Records supplied ▸
....................

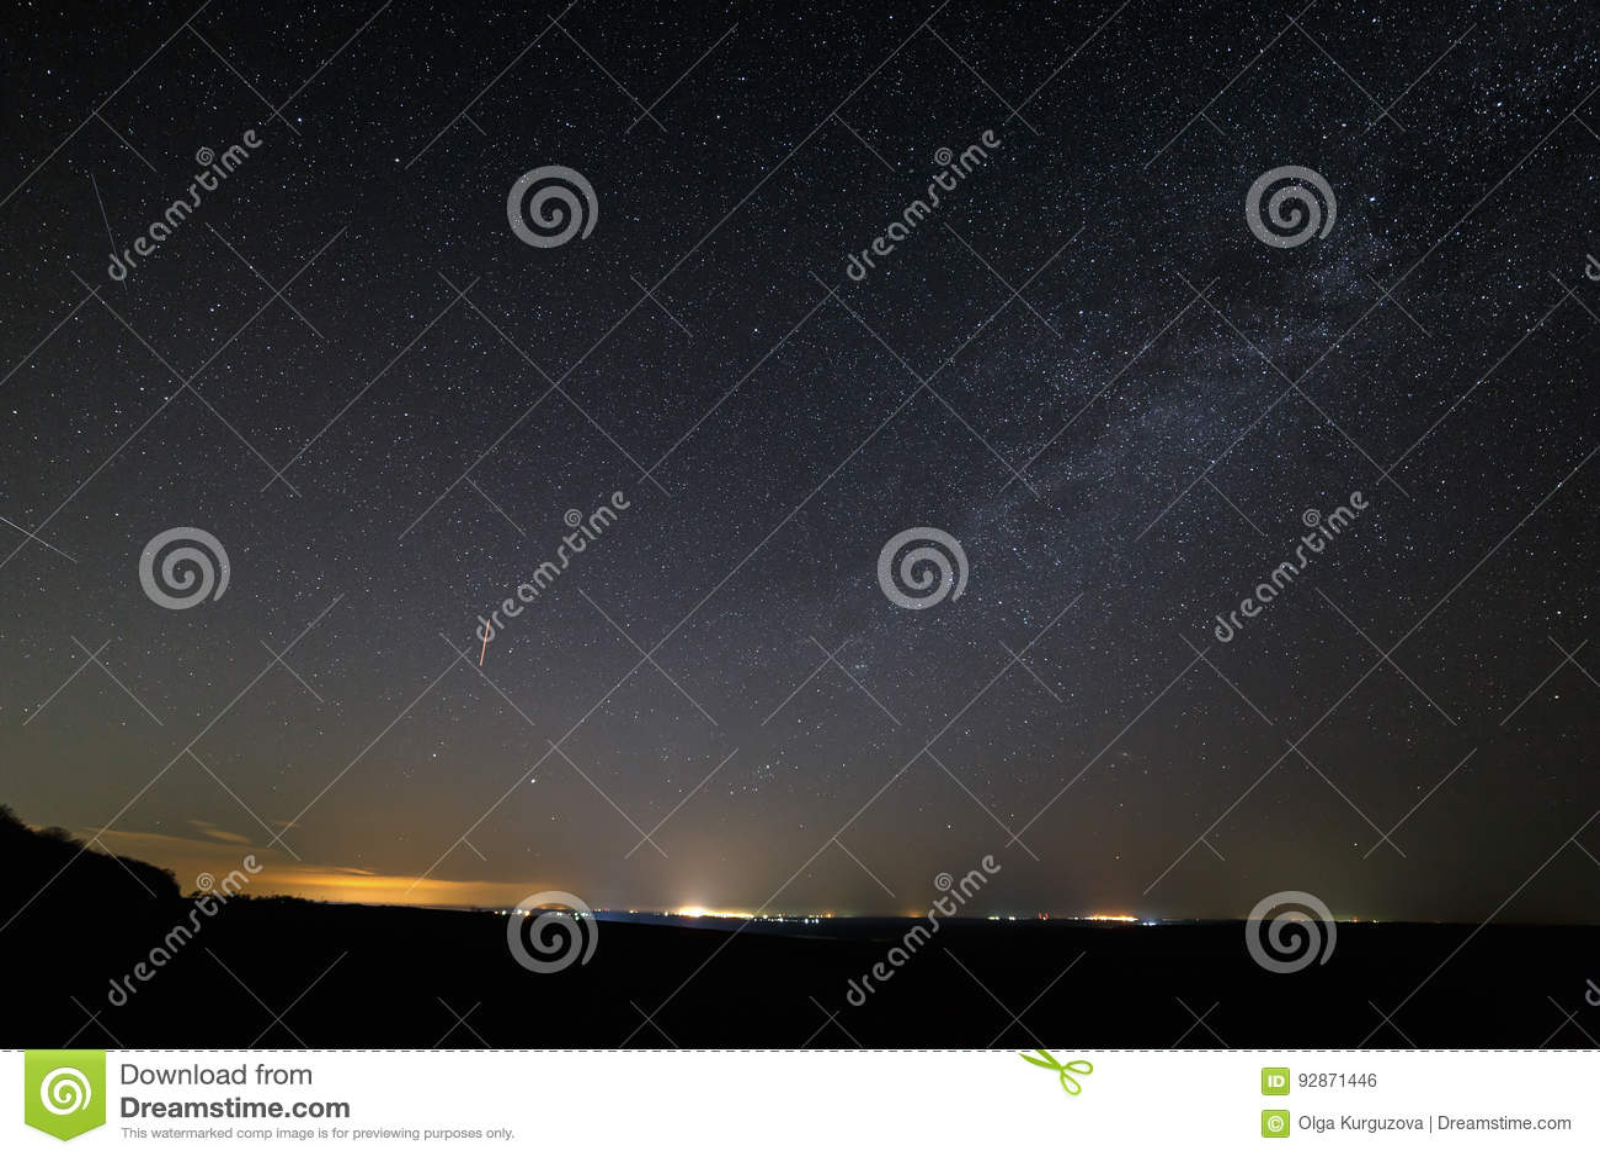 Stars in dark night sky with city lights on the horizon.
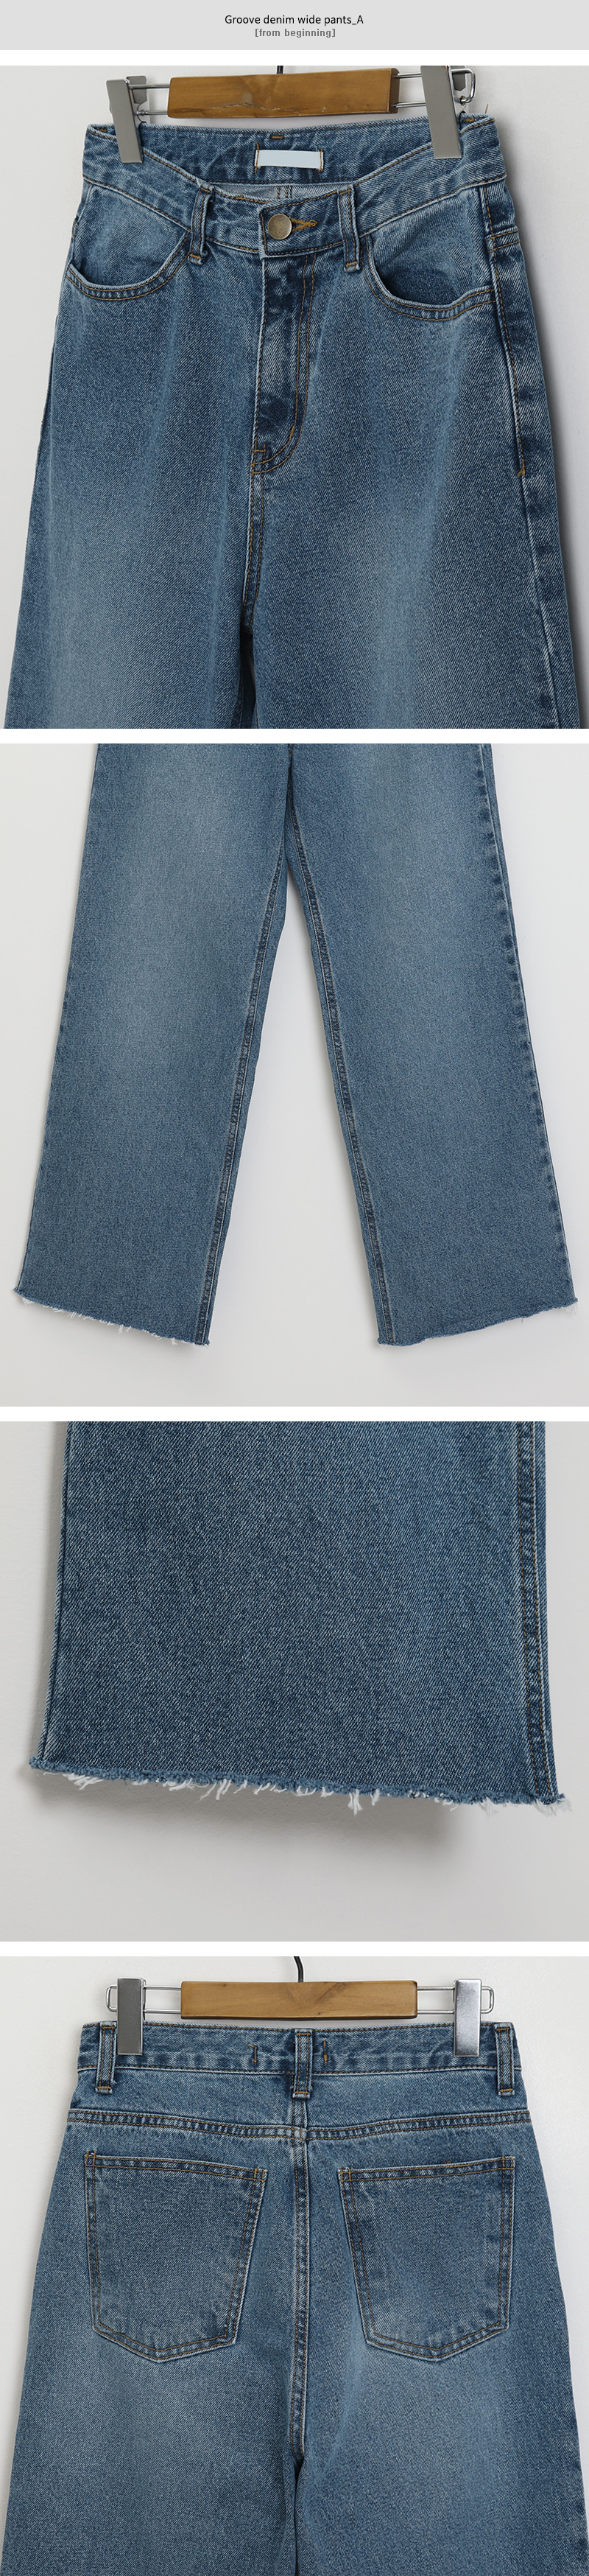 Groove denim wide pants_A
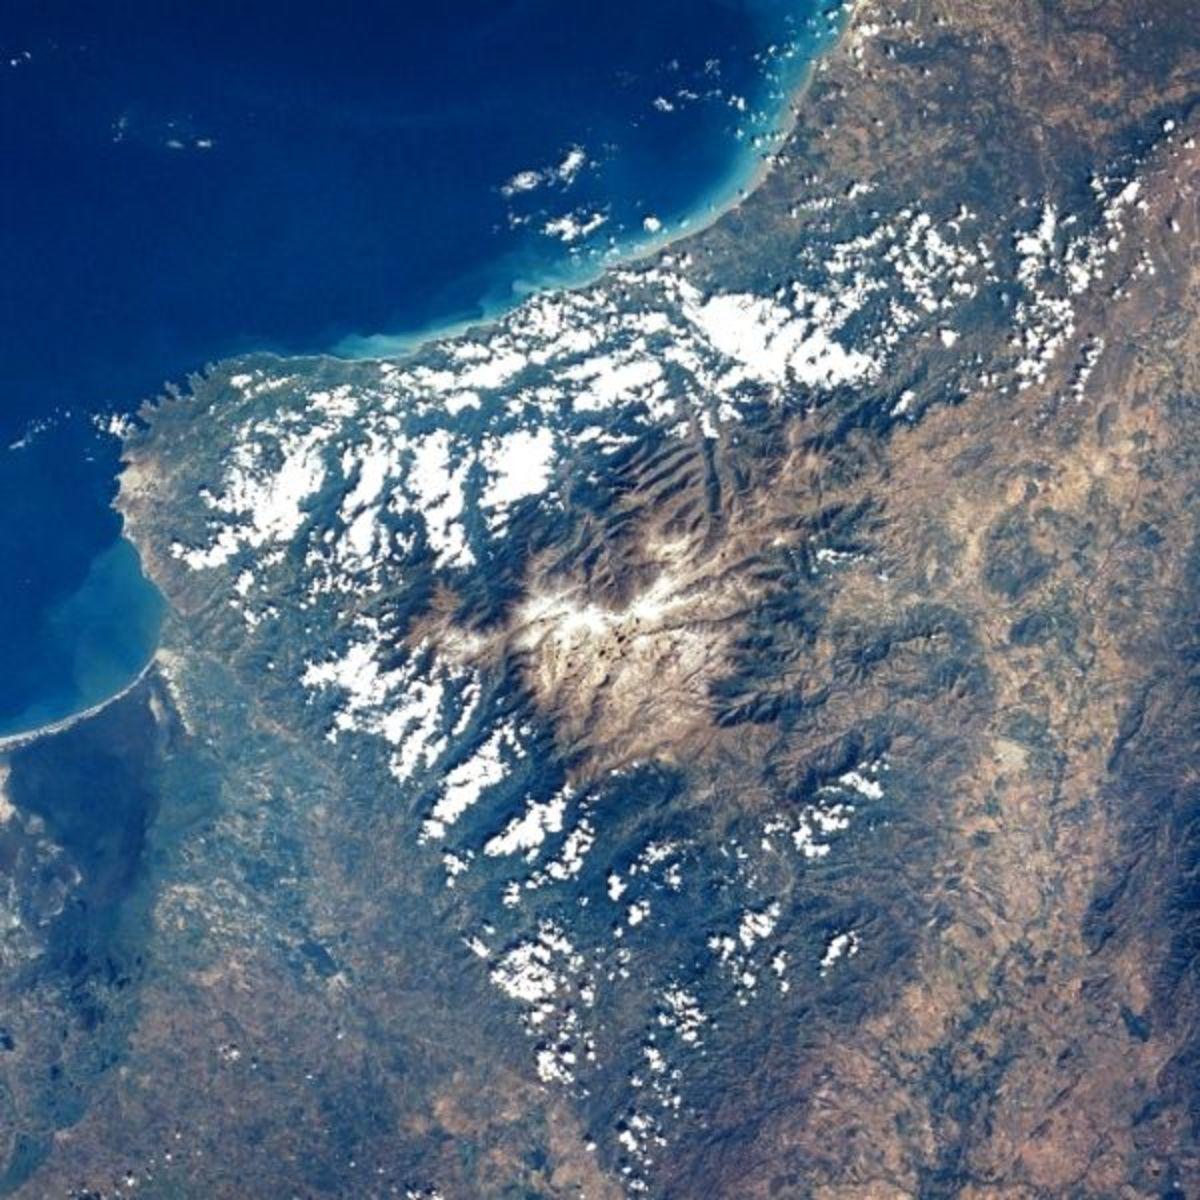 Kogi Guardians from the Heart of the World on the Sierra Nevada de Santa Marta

....................

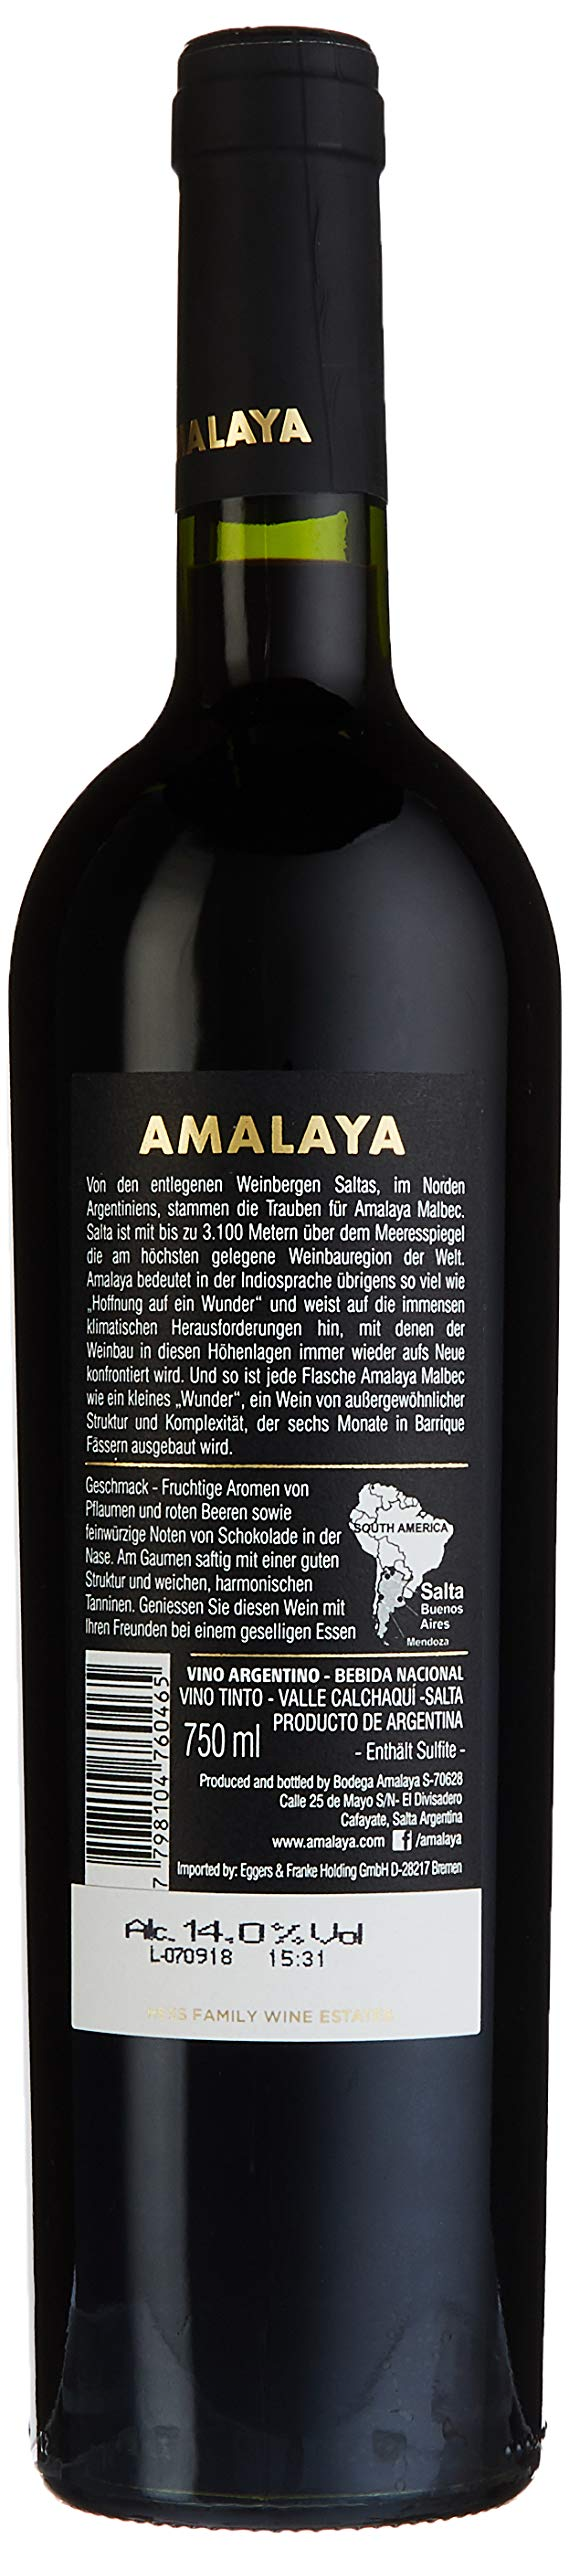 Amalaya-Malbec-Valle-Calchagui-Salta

....................

Task to complete ▸ Above are some records; extract exactly the lines from the one containing "Stars in dark" through the one containing "Kogi Guardians from" and drop the pictures.

Exercise result ▸
 Stars in dark night sky with city lights on the horizon.
 Groove denim wide pants_A
 Kogi Guardians from the Heart of the World on the Sierra Nevada de Santa Marta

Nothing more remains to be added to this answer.